It's Friday evening, and I only wheelspin into the Woollies just as they closed their doors. Was maybe 5 and a half seconds too late. To get some wine for Friday evening. Closed.
So I instead trottered along to the Parker’s Grill restaurant next door – on Jan Smuts – in Rosebank - because this is important:
‘Hi can I buy one of your house wines to go please?’
Thick German accent; his attitude stinks.
‘And why not? The Greek place in Illovo sells me wine.’
‘Because it’s against the law.’
‘What? No it’s not.’
‘Yess it is.’
All the patrons are staring now, because he’s raising his voice and he sounds like Goebbels.
‘You’re not living in Chairmany anymore you know.

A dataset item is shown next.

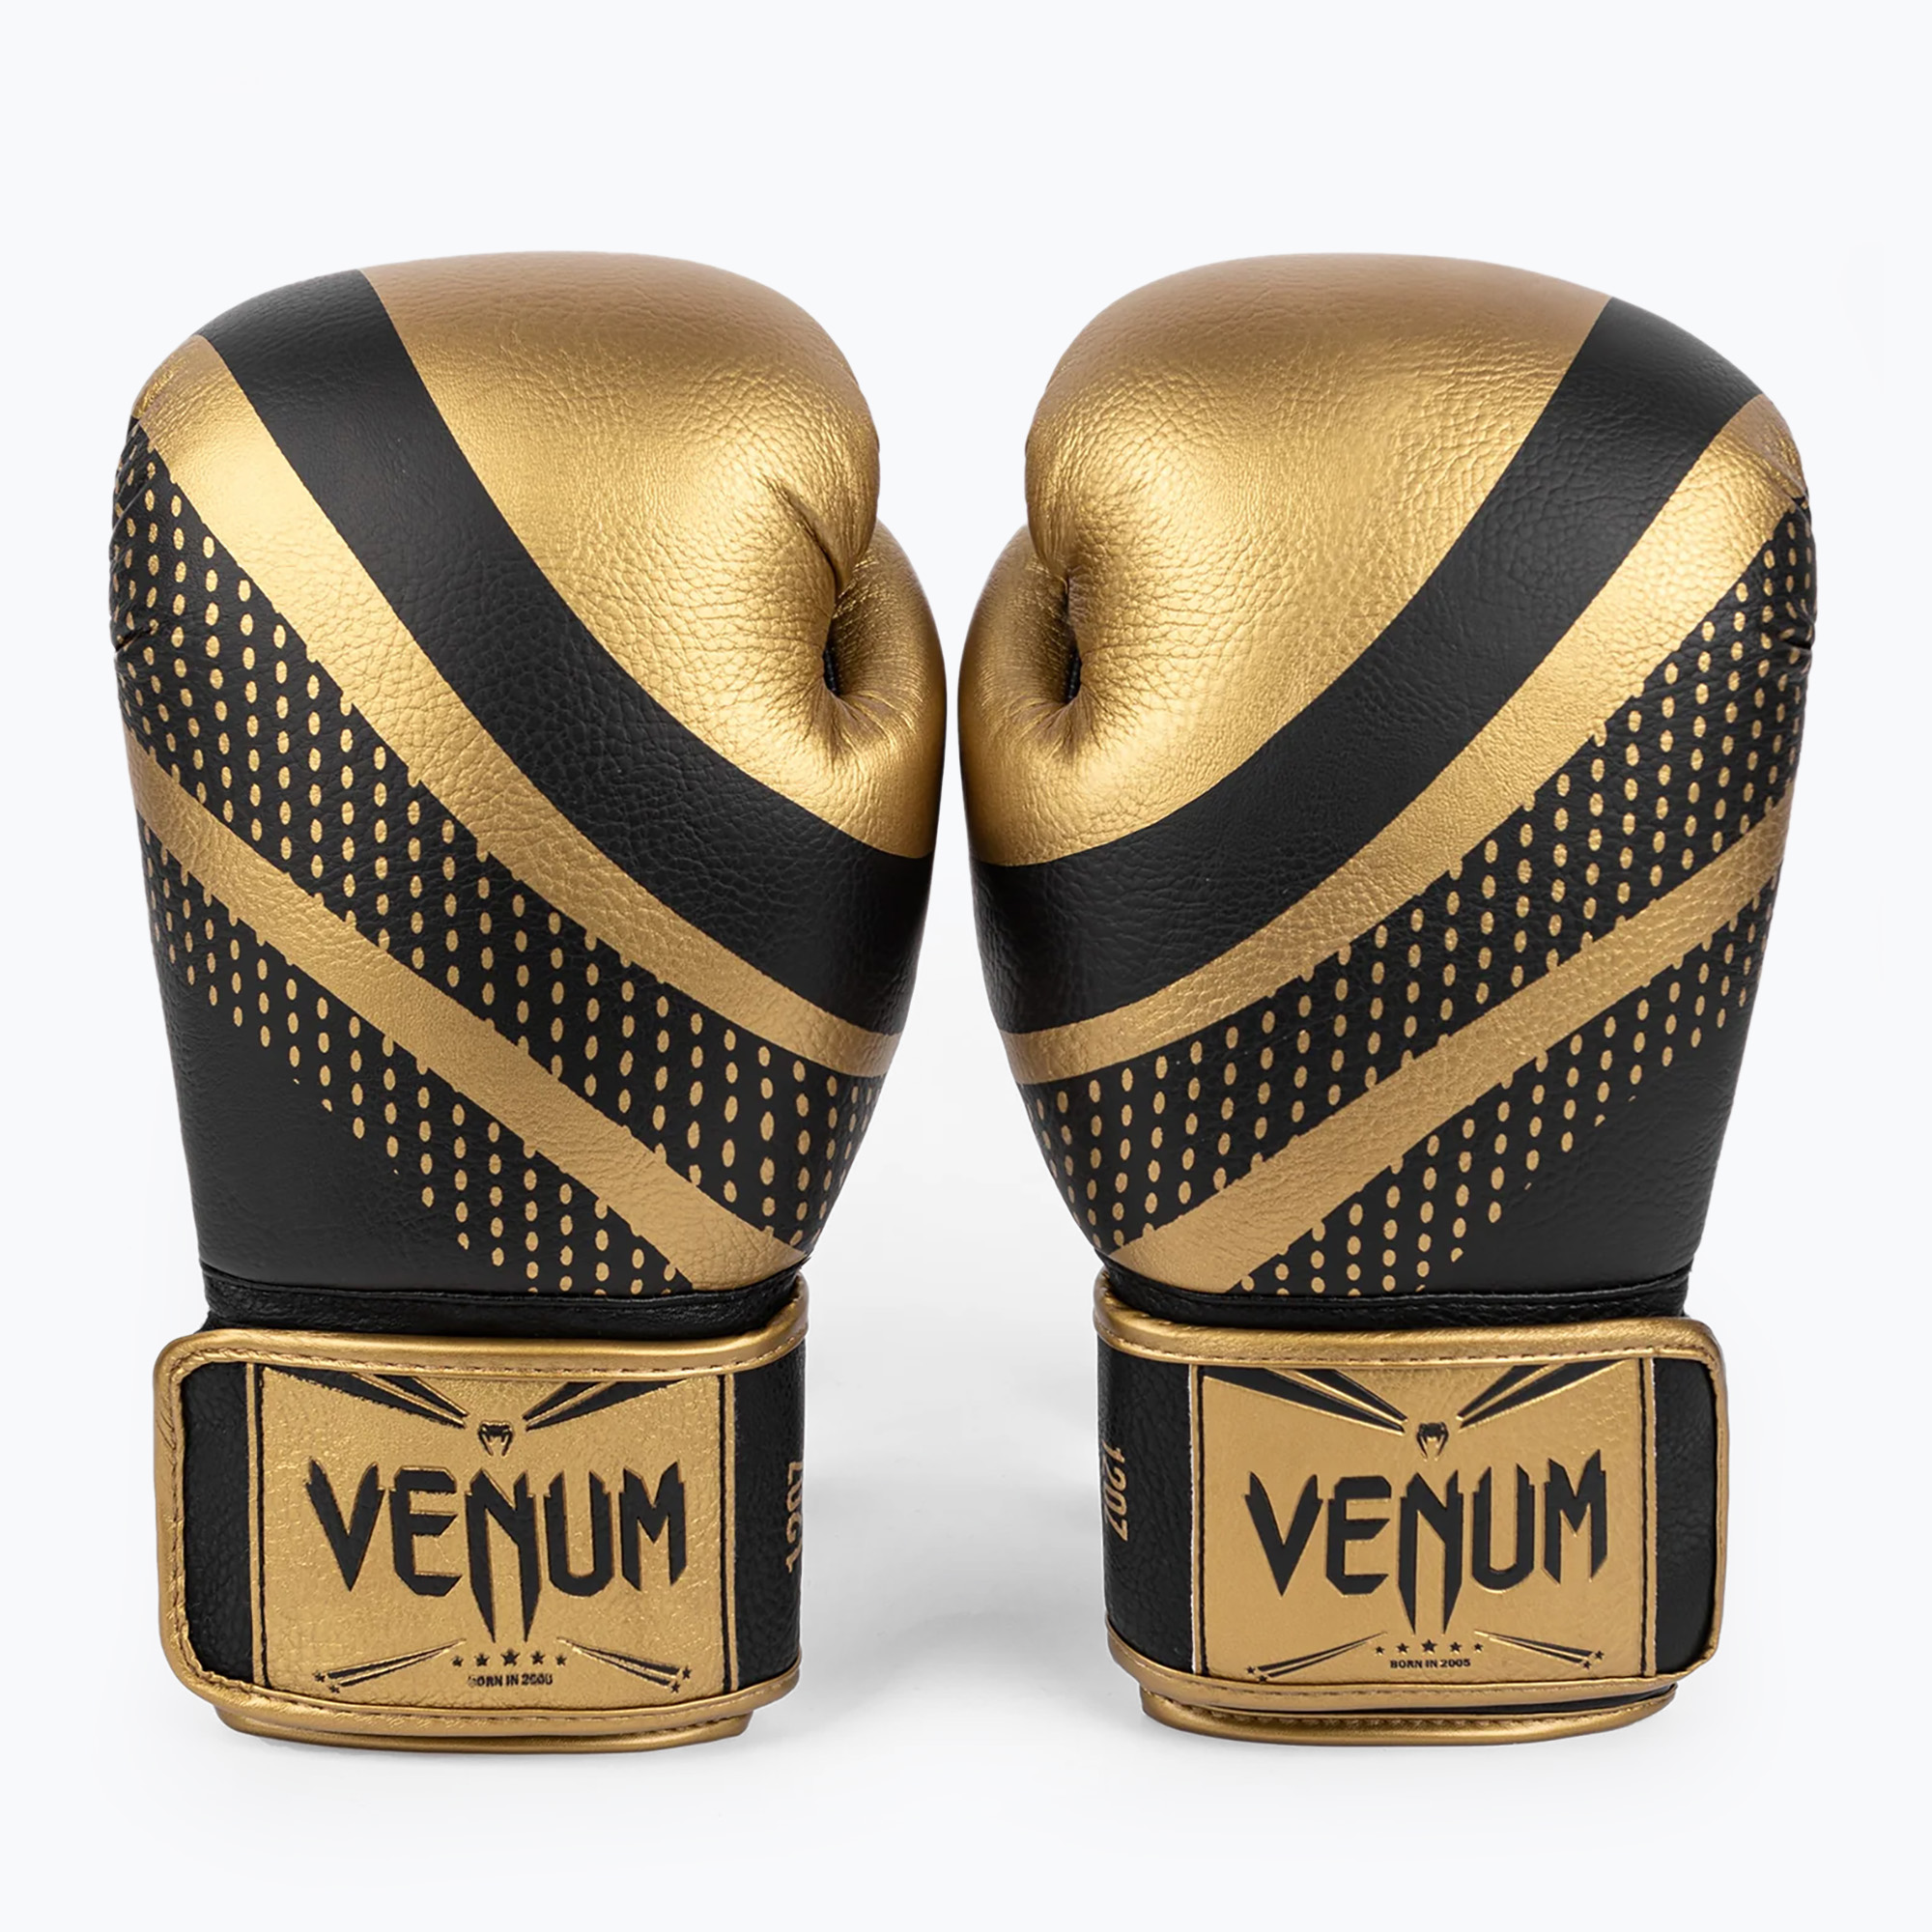 Mănuși de box Venum Lightning Boxing gold/black

C U Next Tuesday.’
I’ve had my first wrong-side-of-the-red-tape German experience.
Not in Germany; in Johannesburg. And I was furious. I have waxed lyrical about how structured and efficient and perfectly perfect the Germans are, I’ve gone on and on and on about frankfurters and stuff, and now this? THIS?

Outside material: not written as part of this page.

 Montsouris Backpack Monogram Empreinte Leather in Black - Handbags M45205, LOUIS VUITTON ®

During this moment suddenly understood what people mean by ‘pedantic’ and ‘irritatingly law-abiding’ they are.
I came crashing down.
‘You’re being very stubborn. And I’ll NEVER come to eat here. Ever’

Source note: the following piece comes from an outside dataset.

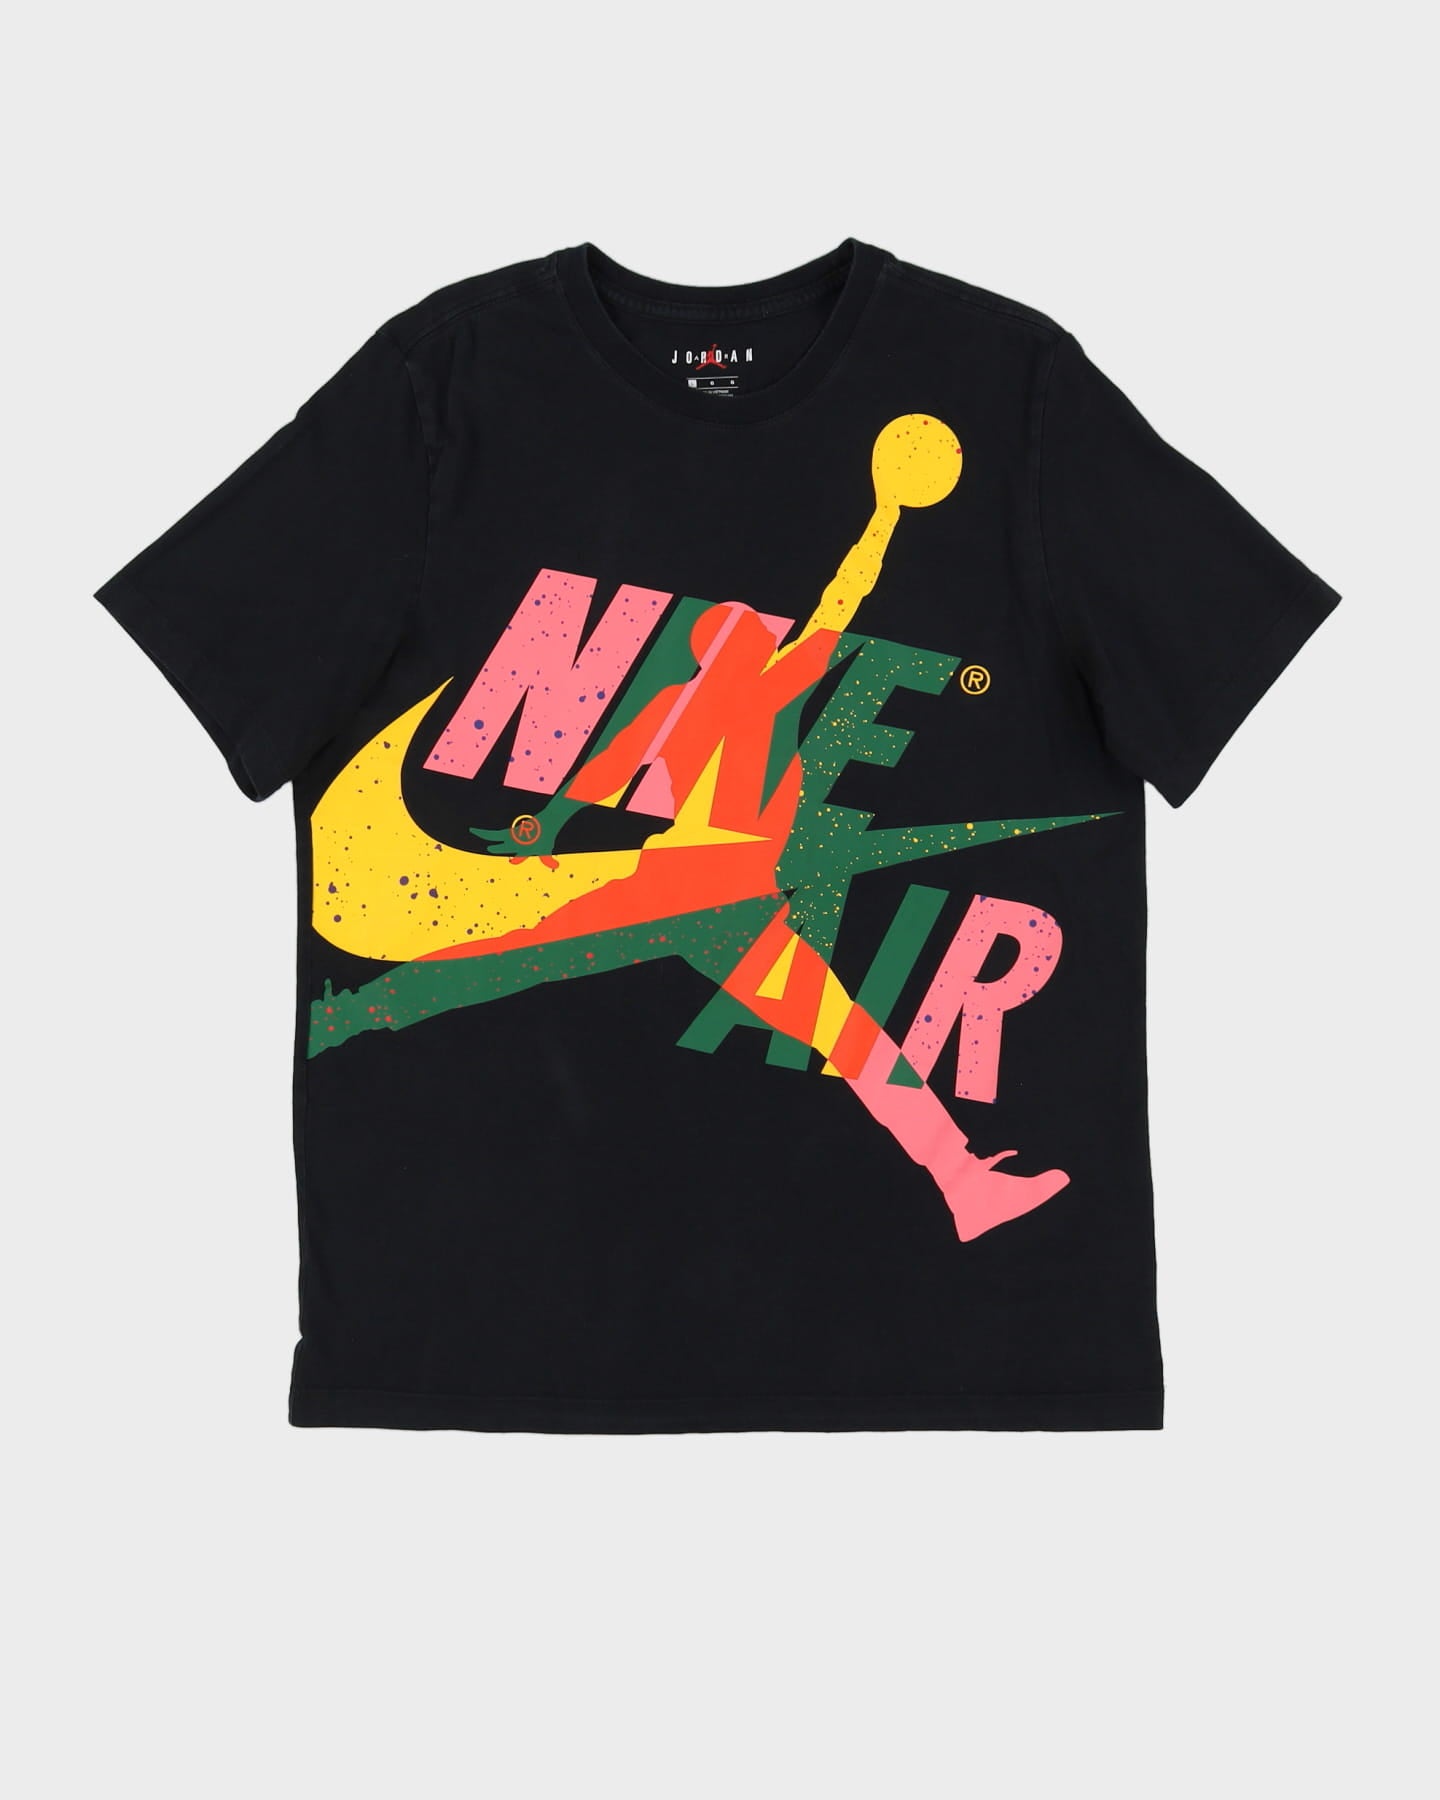 Nike Air Jordan Black T-Shirt - L

‘FINE BY ME!’ he roars, in front of all of his customers; poor sods who were eating under flourescent lighting under the watchful eye of Herr Hell over here.
It’s against the law Arrrgh.
And he didn’t have to fucking yelp at me in front of dining couplings, for heavens sake. So I went home, bitched about this to my German friend on the phone, [who agreed with my frustration FYI] and drank tea. Bugger you German man, bugger you.
Went to Albertsville Saturday and found myself some fucken fabulous furniture.
I turned my Beetle into a bakkie and loaded her up with this art deco stuff.
As one friend said, I’m missing the lamp with the ‘Afrikaans Tartan’ on it. Oh but I’m not – I’m collecting one with brown and orange woven shit all over it next week.
Aren’t they just the right balance between hideous and beautiful?Table with obligatory artefactsNaughty chair
Contraption with lots of glass and curly things
Went to watch the rugga at a braai this weekend and got suitably cockled up on red wine. In between obligatory conversation about masturbation.
As people do when they get drunk. And it’s half time.